There are a few dreams that have dogged me at different points in my life.

The first, when I was a child, was actually about dogs–wild dogs chasing me to school. I’d wake up yelling and my father would come in and holler, “Not even one night can you let me sleep!”

The next dream began in college and continued on decades after I’d graduated. The day of final exams, I’d find out that I’m registered for a course that I never attended. I’m racing through corridors of unnumbered rooms, desperate to find that class.

The dream that has continued all throughout my adulthood is the one where I loose my pocketbook. I have no money for a cab, no cell phone, and whenever I stop to ask someone for aid, no one hears me. They not only don’t respond, they walk right through me.

Each of these dreams has made my throat clench, my heart pound. Even thinking about them while I’m awake makes me uneasy.

"Dreams . . . contain precognitive
material, that is, they can tell us our future."

—Shapiro

 

“A dream,” Jung wrote, “is a theater in which the dreamer himself is the scene, the player, the prompter, the producer, the author, the public, and the critic.” (General Aspects of Dream Psychology, 1948)

What a dream for a writer!

Not only are dreams full of emotion and wonder and clues to our inner selves, they also contain precognitive material, that is, they can tell us our future.

John Aubrey, in Miscellanies on Various Subjects,1696, wrote, “My lady Seymour dreamed that she saw a nest with nine finches in it.
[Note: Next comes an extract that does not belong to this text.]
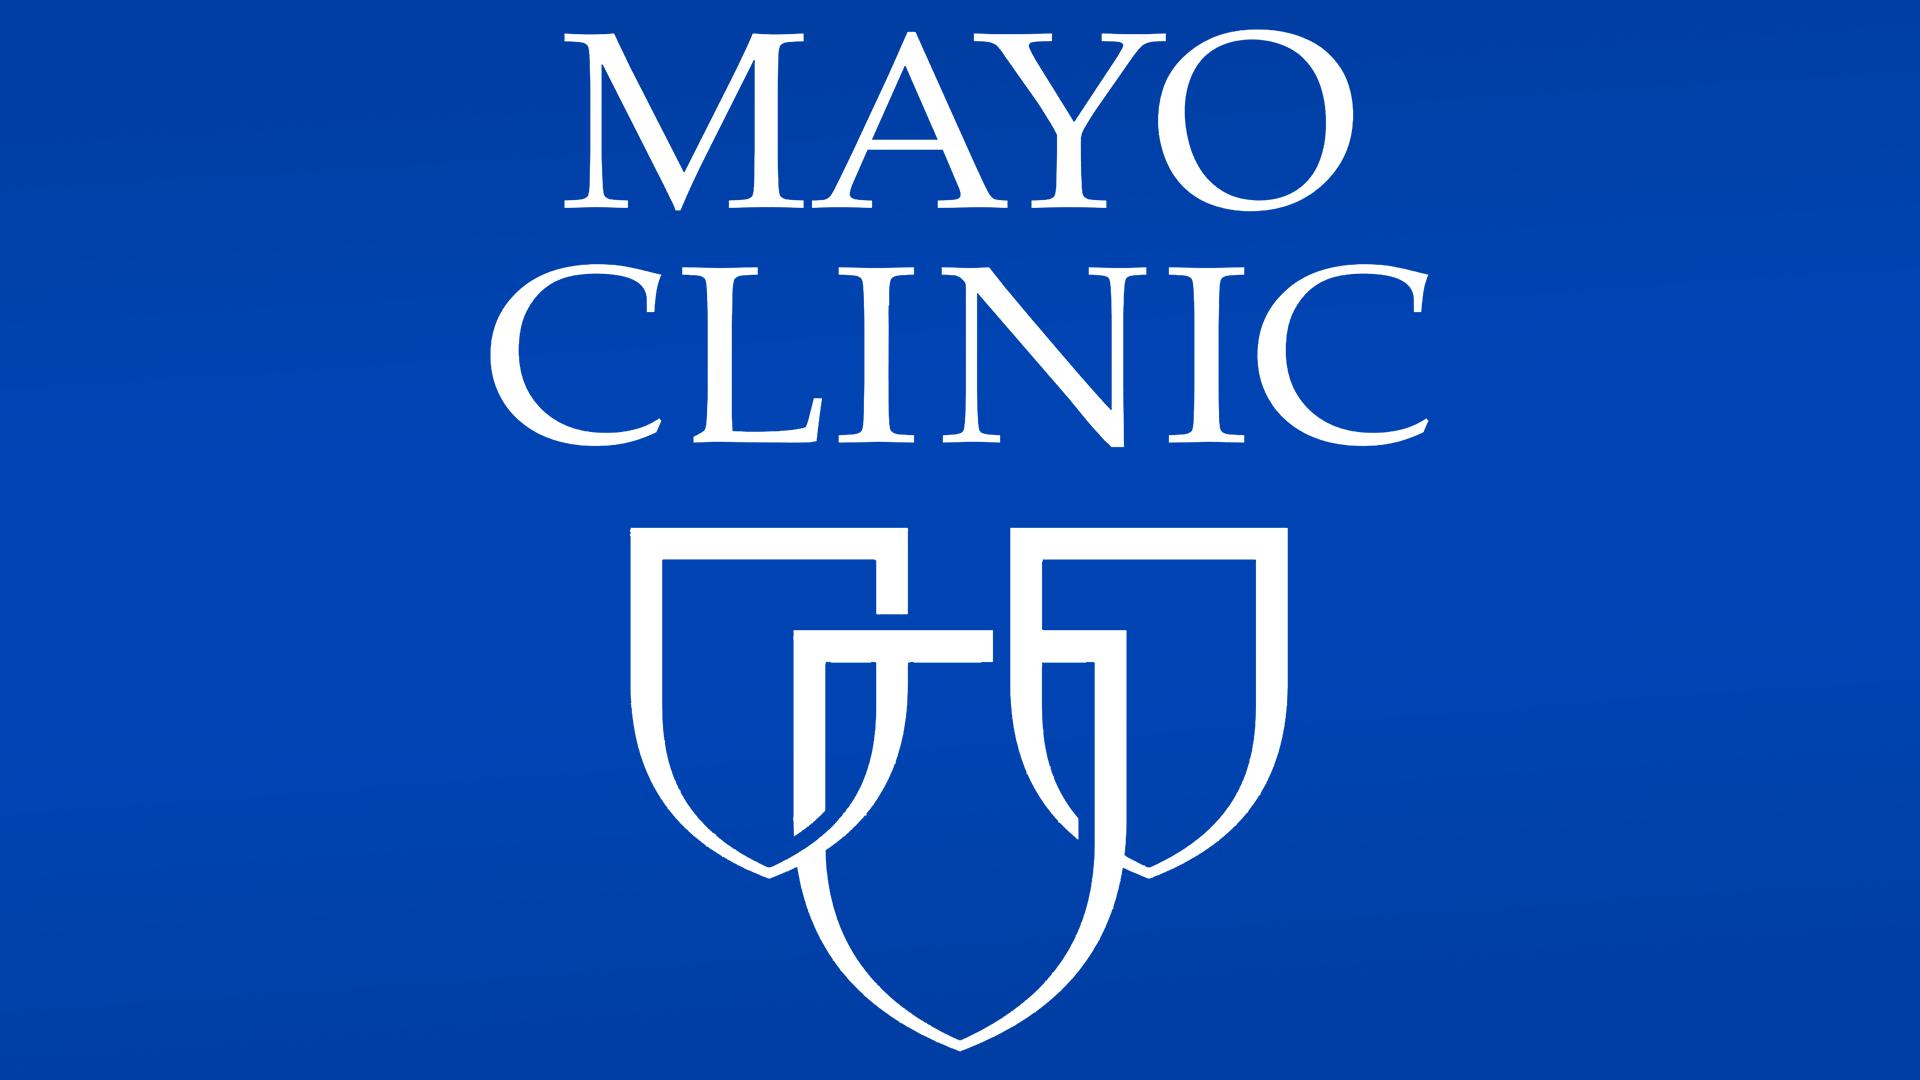 KELO Mayo Clinic

And so many children she had by the Earl of Winchelsey whose name is Finch.”

"For both inspiration . . . and a bridge into
your inner self (and perhaps someone else’s) . . .
writing down your dreams is the ticket."

—Shapiro

About 50 AD, in The Interpretation of Dreams, wrote, “Someone dreamed he had an iron penis. He fathered a child who killed him.” And this tidbit as well. “A man dreamed that he slipped out of his flesh just as a snake sheds its old skin. He died on the following day. For his soul, which was about to depart from his body, provided him with these images.”

For both inspiration for your writing and a bridge into your inner self (and perhaps someone else’s) remembering and writing down your dreams is the ticket.

"Lucid dreaming is a dream
in which a person is aware
that he is dreaming"

—Shapiro

Here’s all you need to do:

1. Keep a dream journal.

Set a notebook by your bed and a pen at hand. As soon as you wake up in the morning, write down whatever you can recall of your dream. You may not remember it all, but if you even recall an image, a word, even a color, write it down. Sometime later in the day, the dream may spring out at you.

2. Take Advantage of Moments of Lucid Dreaming.

Lucid dreaming is a dream in which a person is aware that he is dreaming while he’s having the dream. In Wikipedia, it says, “During lucid dreaming, it is often possible to exert conscious control over the dream characters and environment, as well as to perform otherwise physically impossible feats.”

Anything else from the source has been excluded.